前に出た落語家が話したネタとかぶるのはダメ。
「夏どろ」が出たら泥棒の出てくる噺、たとえば「締め込み」はやれない。
それと、客席にたとえば盲人がいたら、「景清」のように盲人が出てくる噺はだめ。

そこで喜多八の失敗談、盲人がいると聞いて気を付けて「抜け雀」をやって下がったら、扇遊と鯉昇が「気が付かなかったんだ!」とひっくり返って笑ってる。
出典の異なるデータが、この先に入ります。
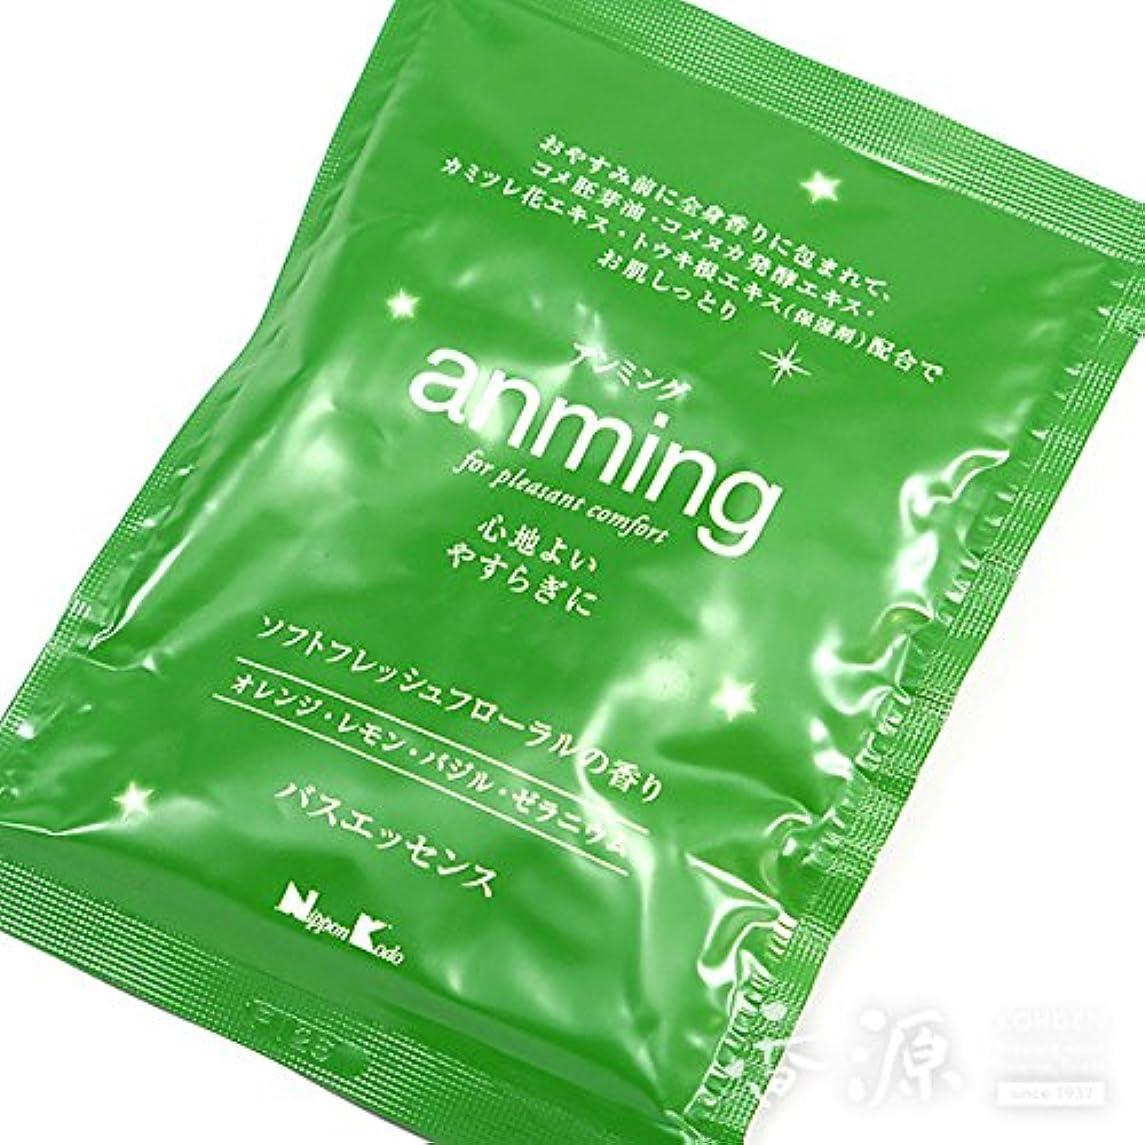 オペラ大声で遺伝子日本香堂の入浴剤 anming(アンミング) バスエッセンス ミニ

「抜け雀」に盲人は出ないので不審に思っていたら、、噺の中で絵の名人が絵のわからない宿屋の亭主に「おまえの眉の下についているのは何だ!見えないならくり抜いて銀紙でも貼っておけ」というギャグがなんどか出てくる。
そりゃ、たしかにまずかった。
もう一つ、刑務所に慰問して「子ほめ」なら問題ないだろうと思ったら、「(こんな立派なお子さんに)あやかりたい、かや釣りたい、首つりたい」というギャグがあって、、死刑囚もいた、ってこれは創作じゃないかな。

七兵衛と与太郎の凸凹コンビ、こういうのは喜多八の自家薬篭中、与太郎のとぼけた味が何とも言えない。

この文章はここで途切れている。